Segment Start: Exercise data

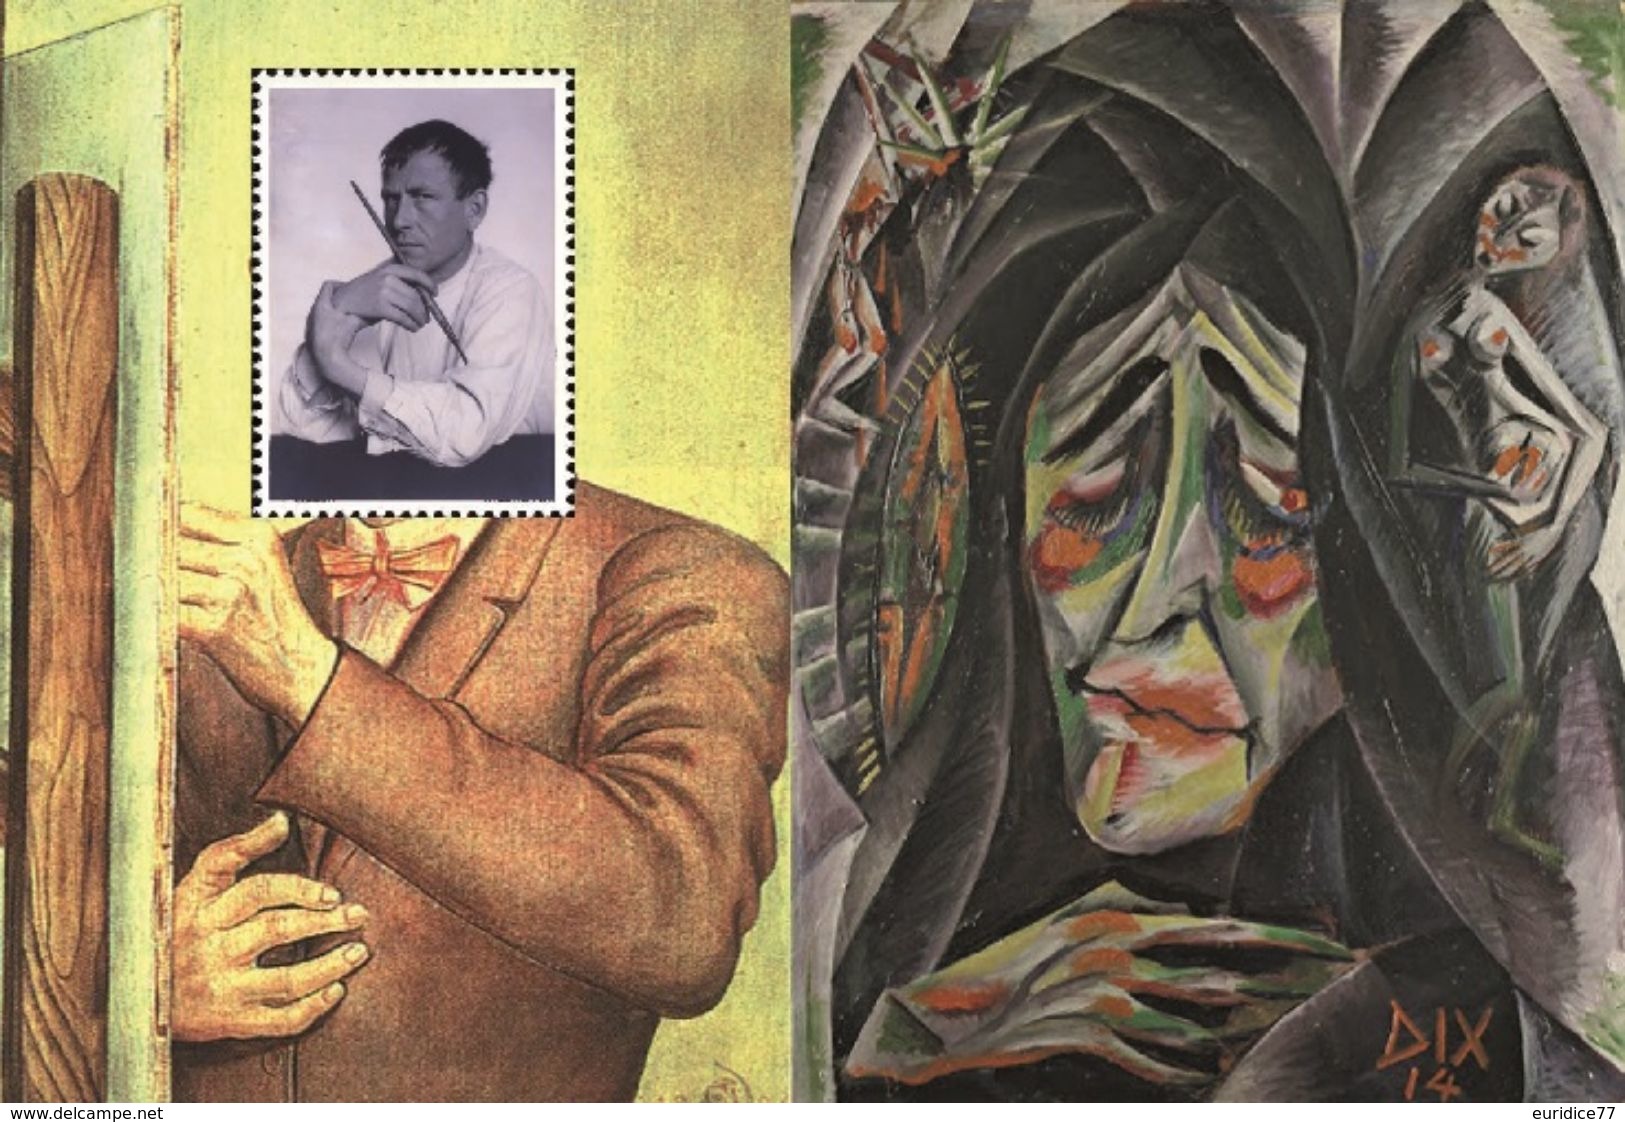 Otto Dix Postcard Collection - Size: 15x10 Cm. Aprox. - Filkasol Edition Year 2013 Mint - Pintura & Cuadros
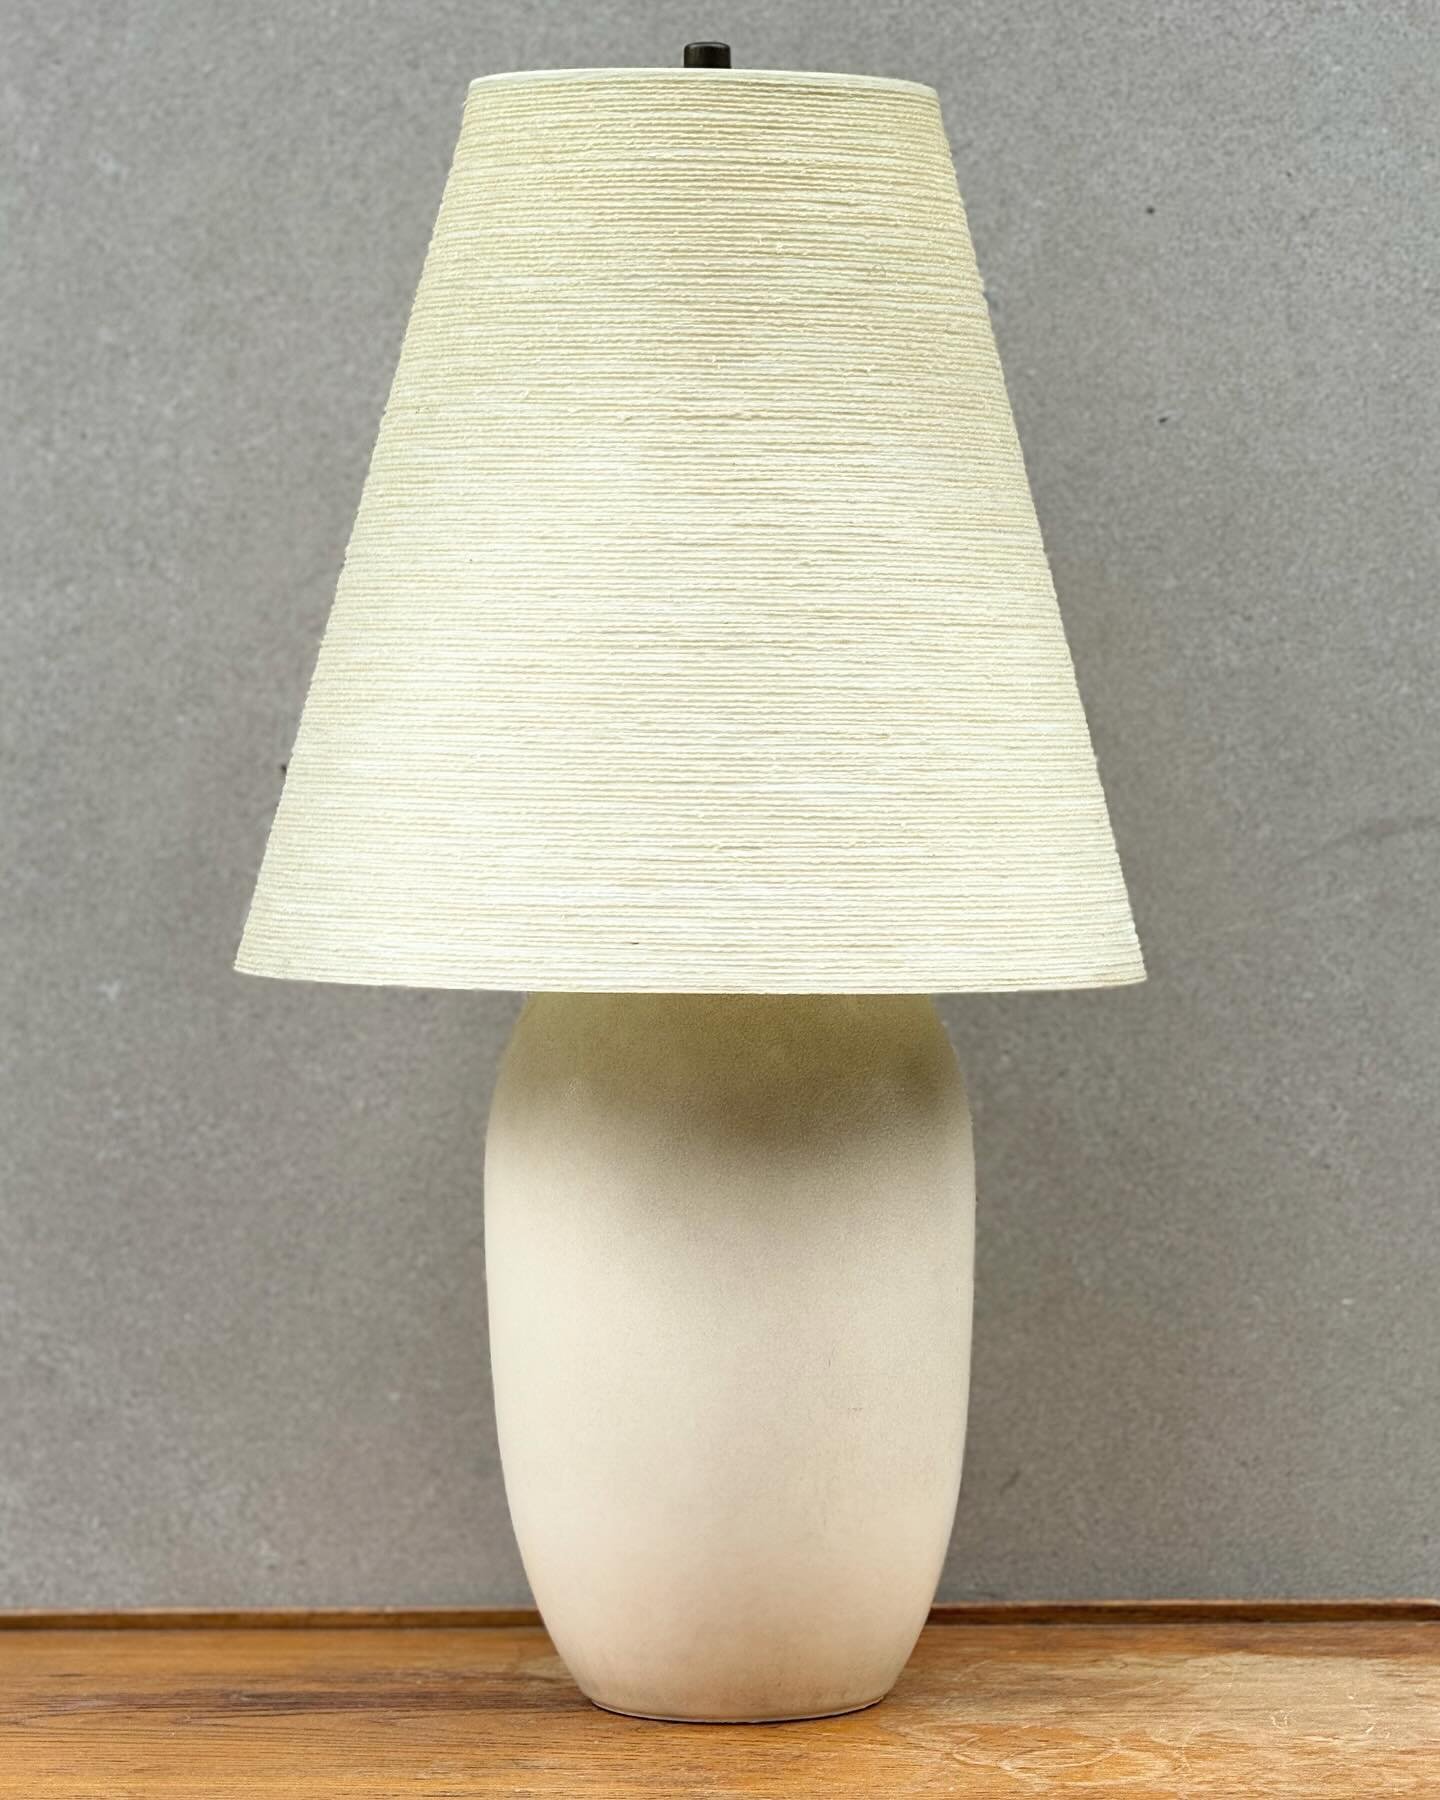 Vintage Ceramic Lamp Designed by Lotte &amp; Gunnar Bostulund &bull; feat. their unique fiberglass shade designed by their son Morten &bull; c. 1960&rsquo;s &bull; SOLD
&bull;
&bull;
&bull;
&bull;
&bull;
#lottelamp #danishdesign #midcenturylamp #fibe
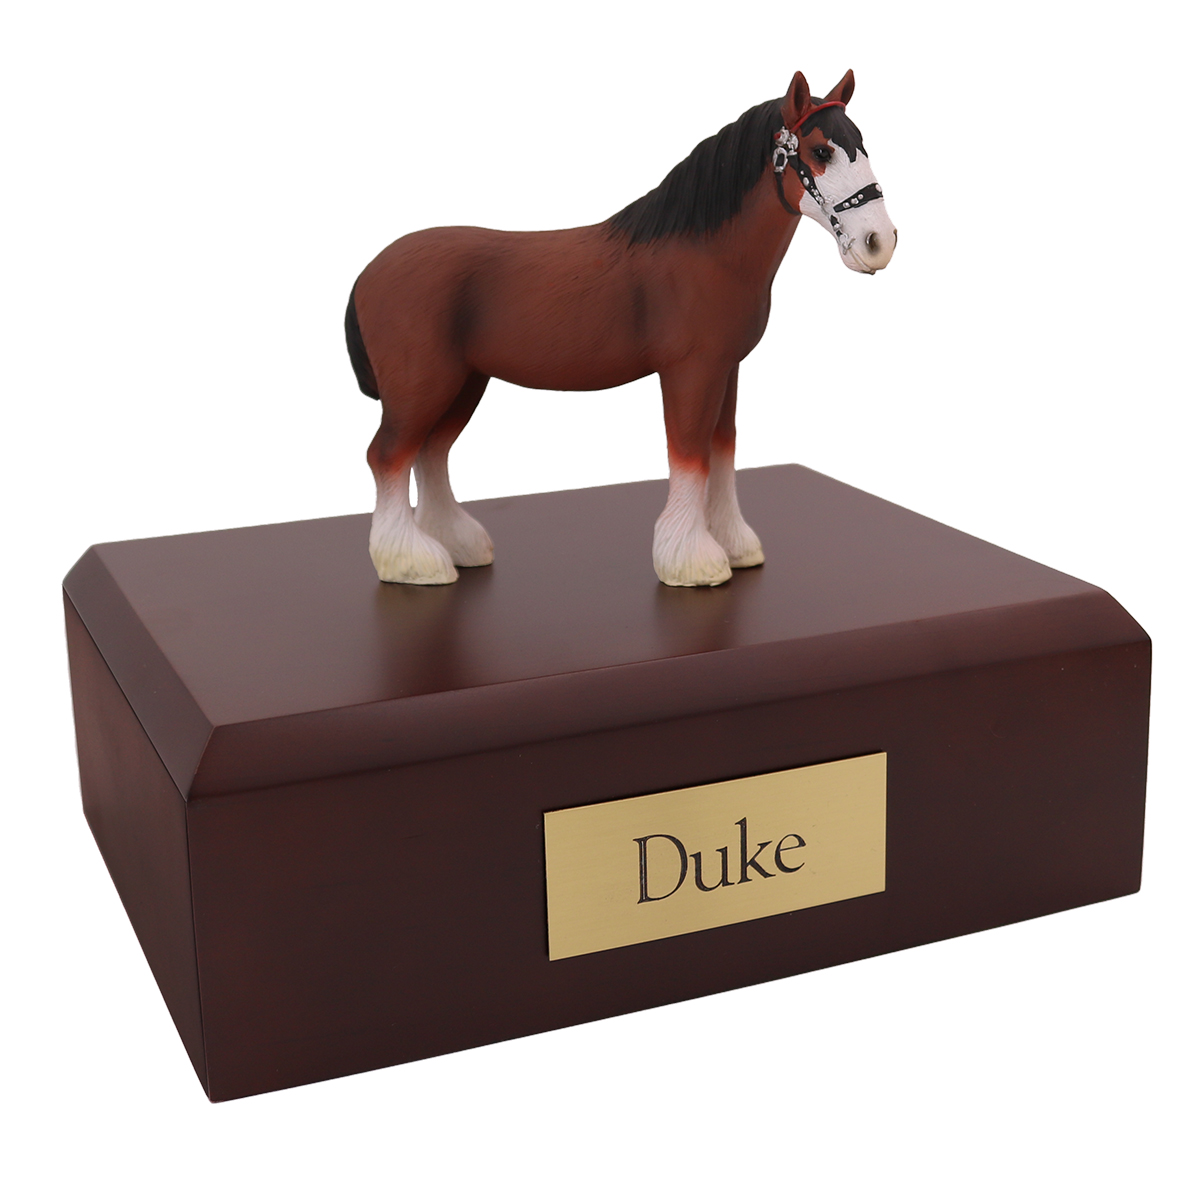 Horse, Clydesdale - Figurine Urn

Segment End: Exercise data

* Task requirements: Output everything in the records exactly, leaving pictures out.

* Answer box:
 Otto Dix Postcard Collection - Size: 15x10 Cm. Aprox. - Filkasol Edition Year 2013 Mint - Pintura & Cuadros
 Vintage Ceramic Lamp Designed by Lotte &amp; Gunnar Bostulund &bull; feat. their unique fiberglass shade designed by their son Morten &bull; c. 1960&rsquo;s &bull; SOLD
&bull;
&bull;
&bull;
&bull;
&bull;
#lottelamp #danishdesign #midcenturylamp #fibe
 Horse, Clydesdale - Figurine Urn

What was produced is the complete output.